When Izuku meets Shouto's gaze, he's met with the stern, tight-lipped frown he sees on Shouto just after he's finished fighting a villain and is being bombarded by media. He's met with the furrowed brow and heavy gaze of a weathered hero living inside a twenty-five year-old's body. He's met with Shouto, the number four pro hero, but not Shouto, his friend. Izuku opens his mouth and closes it again, huffs a short breath from his nose then nods. He knows Shouto has a point, and he hates seeing Shouto like this, but it's genuinely undeniable how well they pay. With Izuku's last check from there alone, he paid his entire rent and had a decent amount of money left over to cover a new lavender bowtie.

"Izuku," Shouto speaks again, sees that Izuku doesn't have a response for him aside from a short head-nod, "they're crafty. If they can manage to sneak around three U.A. students," he intakes a sharp breath, "if they can get past me, it's…dangerous."

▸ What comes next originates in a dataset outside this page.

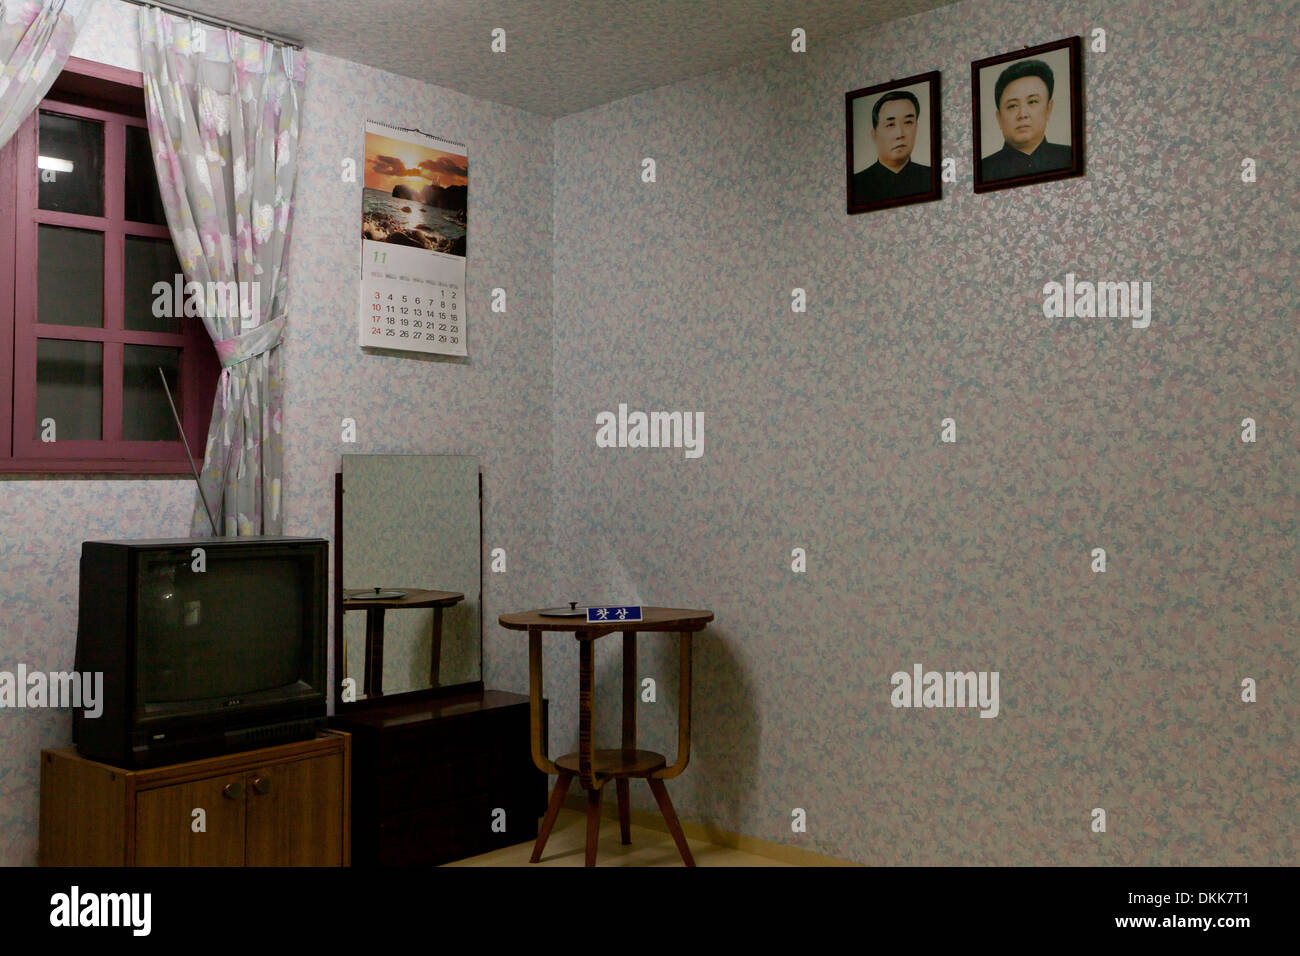 Maqueta del interior de la casa de la familia norcoreana que muestra retratos de Kim Il Sung y Kim Jong Il en la pared Foto de stock

Izuku nods again, lets his eyes drift back to his hands in his lap. But Shouto isn't having that, and he cups Izuku's jaw, so delicate and yet so stern that Izuku has to actively fight the urge to melt into a puddle right then and there. And Izuku's forced to make eye contact when Shouto opens his mouth again. "Do you agree?" he asks, and it's not what Izuku is expecting; if it were Katsuki, he'd have not taken 'no' for an answer. Izuku doesn't play gigs at quite a number of bars and lounges, now, because Katsuki hasn't liked the 'feel' of them. If it were Katsuki, he wouldn't be holding Izuku like this in the first place; he'd be cornering Izuku somewhere that he couldn't escape. Which, Izuku admits, doesn't get less scary over time.

But this is Shouto, this is pro hero-mode Shouto, holding his jaw like he could either heal all Izuku's wounds or end his entire life with one swift movement. And Izuku can't really think much beyond that, so when Shouto's fingers tighten minutely then drop from his face altogether, all he can do is watch them fall, listen to the hush of the apology that tumbles awkwardly from Shouto's lips. And friend-mode Shouto is back. Friend-mode Shouto, that most certainly doesn't think of Izuku the way Izuku thinks of him – as a friend. He bites back his bitterness with a smile.

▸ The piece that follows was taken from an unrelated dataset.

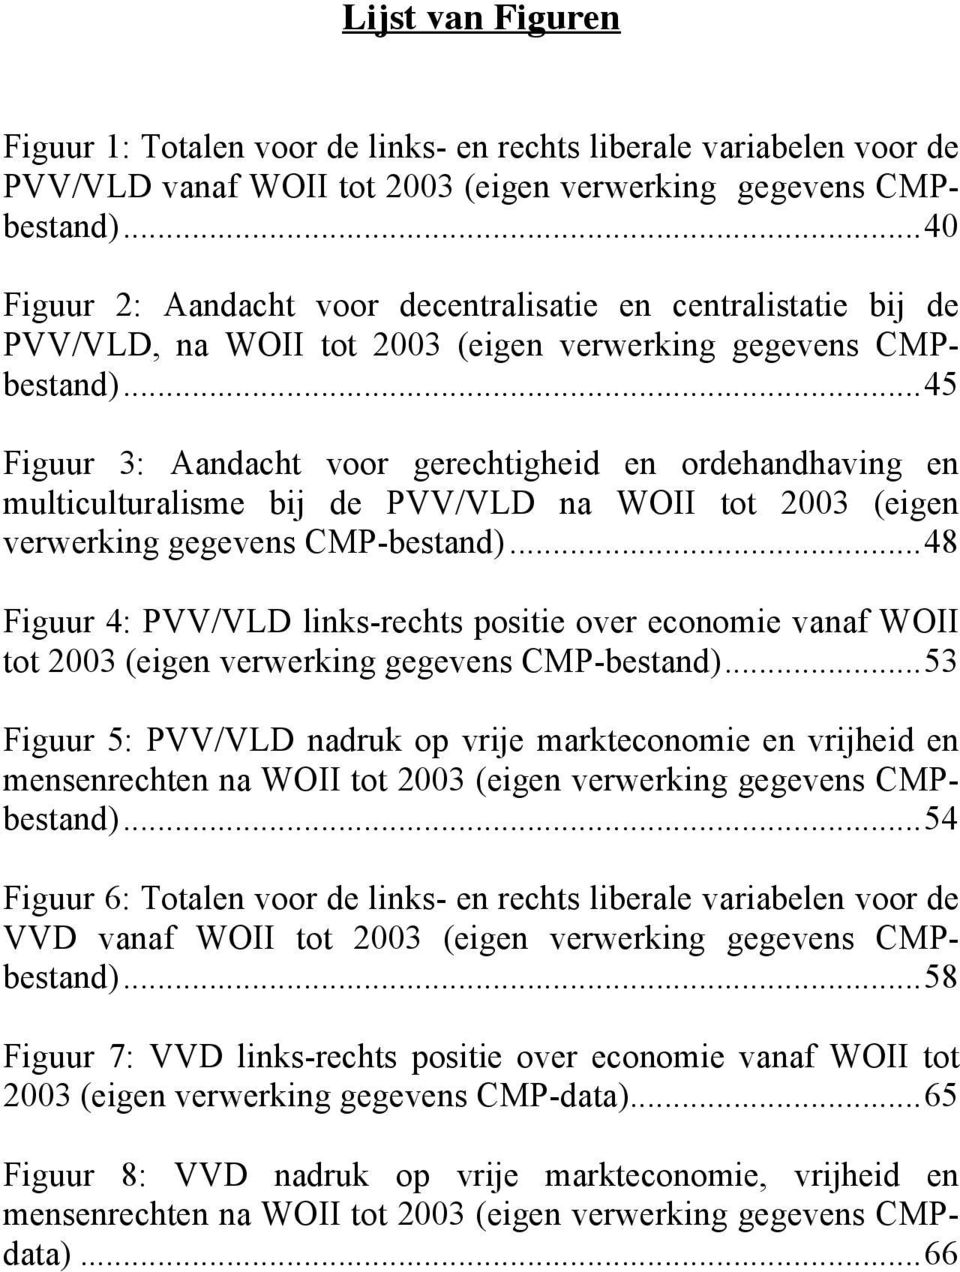 ..45 Figuur 3: Aandacht voor gerechtigheid en ordehandhaving en multiculturalisme bij de PVV/VLD na WOII tot 2003 (eigen verwerking gegevens CMP-bestand).

"I agree," he murmurs, remembering the question that prompted all this. "You know what's best for me, I think, Shouto."

And before Izuku can turn back, face the piano in front of them, and strum away like he's not affected in the slightest by the handprint burning into his cheek from Shouto's delicate fingers, those same fingers are cupping his jaw again, and Shouto's lips meet his own.